Pour s'engager et soutenir efficacement une cause, il est essentiel de comprendre ses enjeux. On associe trop souvent, à tort, le cancer du poumon au seul tabagisme. La réalité de nos patients est radicalement différente et impose de briser les idées reçues.

Zéro comportement à risque : Une maladie injuste et fortuite

Il est capital de le dire : les malades touchés par la mutation ROS1 n'ont eu aucun comportement qui les a mis en danger. Ce cancer ne résulte ni du tabagisme, ni de l'alcool, ni d'un style de vie inadapté. Il s'agit d'un pur accident moléculaire, imprévisible et totalement indépendant de la volonté ou des habitudes du patient. Supprimer ce poids de la culpabilité sociale est notre premier combat.

1. Le cancer du poumon « non à petites cellules »

Le cancer du poumon se divise en deux grandes familles. La plus fréquente (qui représente environ 85 % des cas) est appelée cancer du poumon non à petites cellules (CPNPC). Aujourd'hui, la médecine ne se contente plus de ce diagnostic général : elle analyse la « carte d'identité génétique » de la tumeur pour identifier précisément ce qui la fait grandir.

2. La mutation ou « fusion » ROS1 : Un interrupteur fou

Chez environ 1 à 2 % des personnes atteintes de ce cancer, la cause est une anomalie génétique bien précise : la fusion du gène ROS1

  • Le mécanisme : Concrètement, un morceau du gène ROS1 se détache et se fusionne anormalement avec un autre gène voisin. Cette anomalie crée une protéine modifiée qui agit comme un interrupteur coincé sur la position « ON ». Cet interrupteur fou envoie un signal permanent et incontrôlé aux cellules, leur ordonnant de se multiplier sans fin, ce qui donne naissance à la tumeur.

 

  • Le profil des patients : Ce cancer se distingue par un profil très spécifique. Il touche très majoritairement des non-fumeurs, des personnes ayant une excellente hygiène de vie, et fréquemment des adultes jeunes, souvent autour de 40 ans (voire parfois beaucoup moins).

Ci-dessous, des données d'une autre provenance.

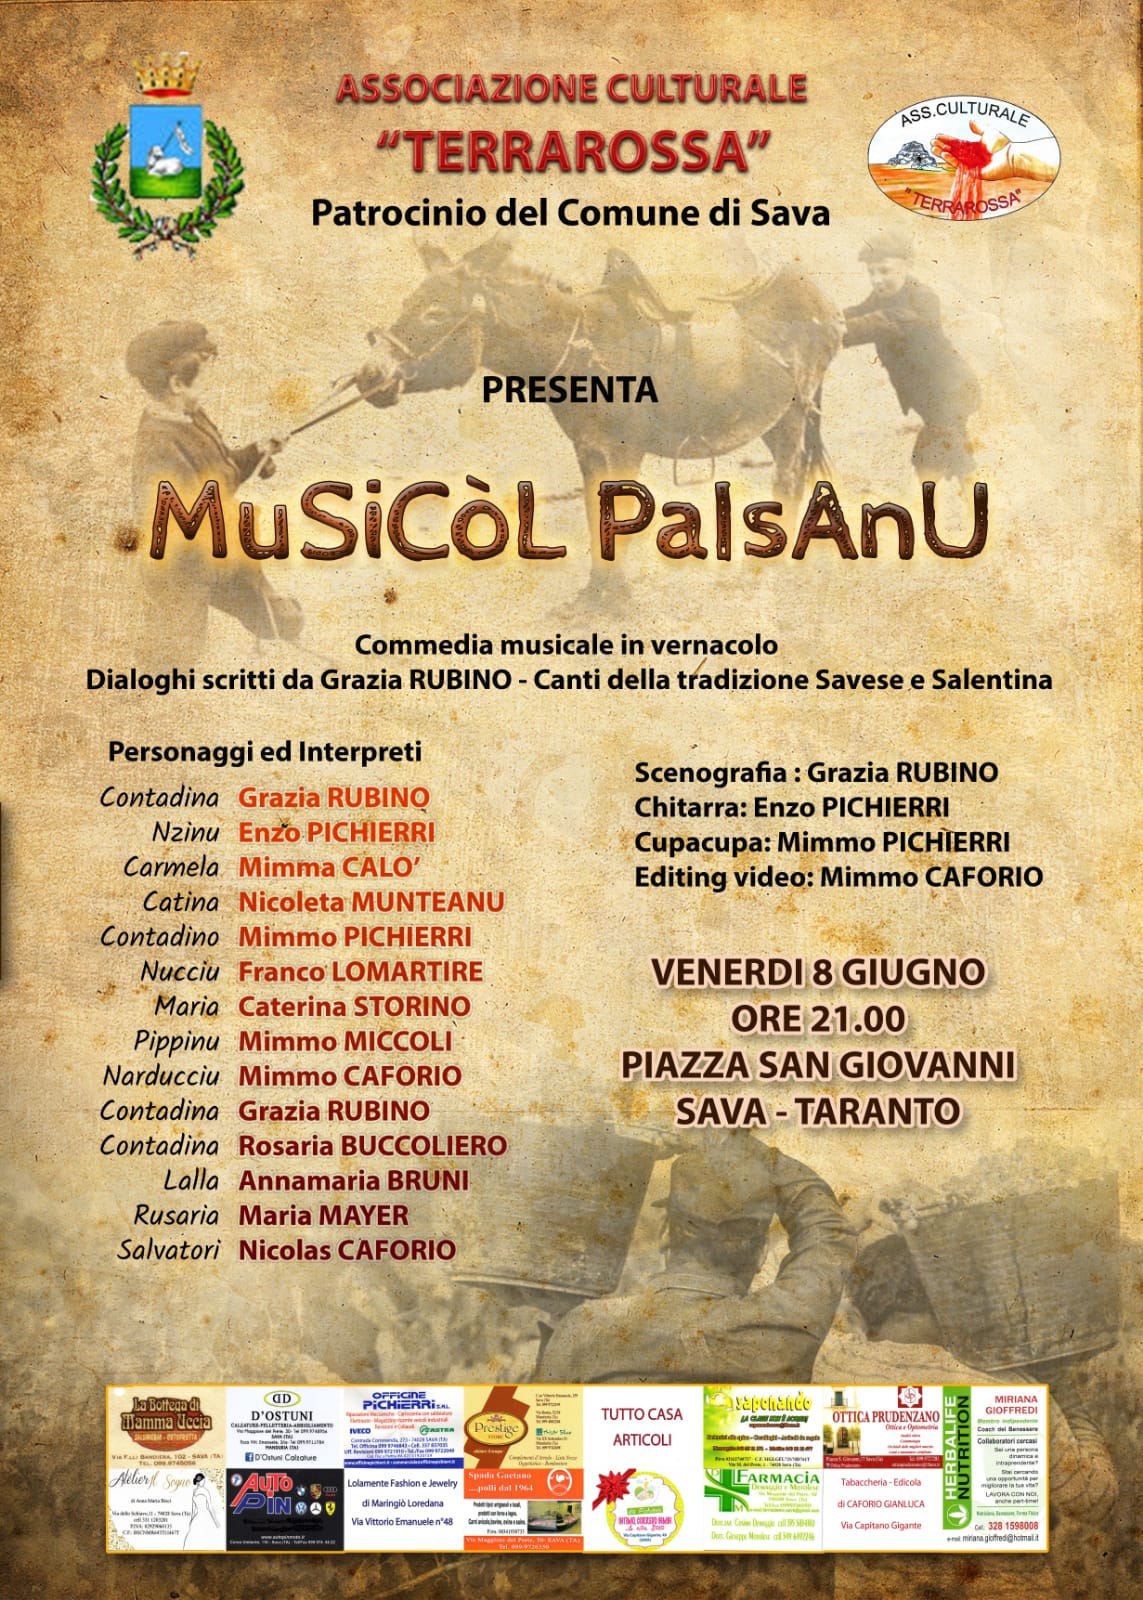 SAVA. “MuSiCòL PaIsAnU”, commedia musicale in vernacolo

3. La révolution des thérapies ciblées : Des effets secondaires gérables

Parce que ce cancer est lié à une anomalie génétique précise, il ne se traite pas par la chimiothérapie traditionnelle, mais par la médecine de précision.

 

Les patients reçoivent des thérapies ciblées (des comprimés à prendre à la maison). Contrairement aux chimiothérapies lourdes, ces traitements n'attaquent pas l'ensemble des cellules du corps. Si des effets secondaires existent (fatigue, variations de poids ou troubles légers), ils sont gérables, réversibles et bien contrôlés par les équipes médicales grâce à des soins de support ou des ajustements de doses. Cela permet aux patients de conserver une bonne qualité de vie, de continuer à vivre normalement et de partager de précieux moments avec leurs proches.

Le cancer du poumon ROS1 en chiffres

Le cancer du poumon est l’un des cancers les plus fréquents, mais la réalité de la mutation ROS1 reste méconnue :

  • Dans le monde : On compte environ 2,5 millions de nouveaux cas de cancer du poumon chaque année. Parmi eux, la mutation ROS1 concerne environ 20 000 à 40 000 patients par an.

 

  • En France : Sur les quelque 53 000 nouveaux cas de cancer du poumon diagnostiqués annuellement, la spécificité ROS1 touche environ 400 à 900 nouveaux malades chaque année.

 

  • Un diagnostic souvent tardif : Parce que le cancer du poumon se développe longtemps sans provoquer de douleur ni de symptôme d'alerte, près de 75 % des cas sont diagnostiqués directement à un stade avancé (Stade 3 ou Stade 4). C'est ce qui rend la découverte de la maladie si brutale et l'accès rapide aux thérapies ciblées si crucial.

Les grands enjeux : Pourquoi la recherche a-t-elle besoin de vous ?

Grâce aux molécules de nouvelle génération issues de la recherche clinique récente, l'espoir de vie des patients a été spectaculairement transformé. Cependant, le cancer est un adversaire redoutable : avec le temps, les cellules tumorales apprennent parfois à s'adapter et à contourner le traitement. C'est ce qu'on appelle les mécanismes de résistance.

Pour devancer la maladie, les chercheurs doivent avoir un temps d'avance. Ils ont besoin de moyens constants pour concevoir et tester les thérapies ciblées de demain. Financer la recherche, c'est très concrètement acheter du temps de vie pour les patients.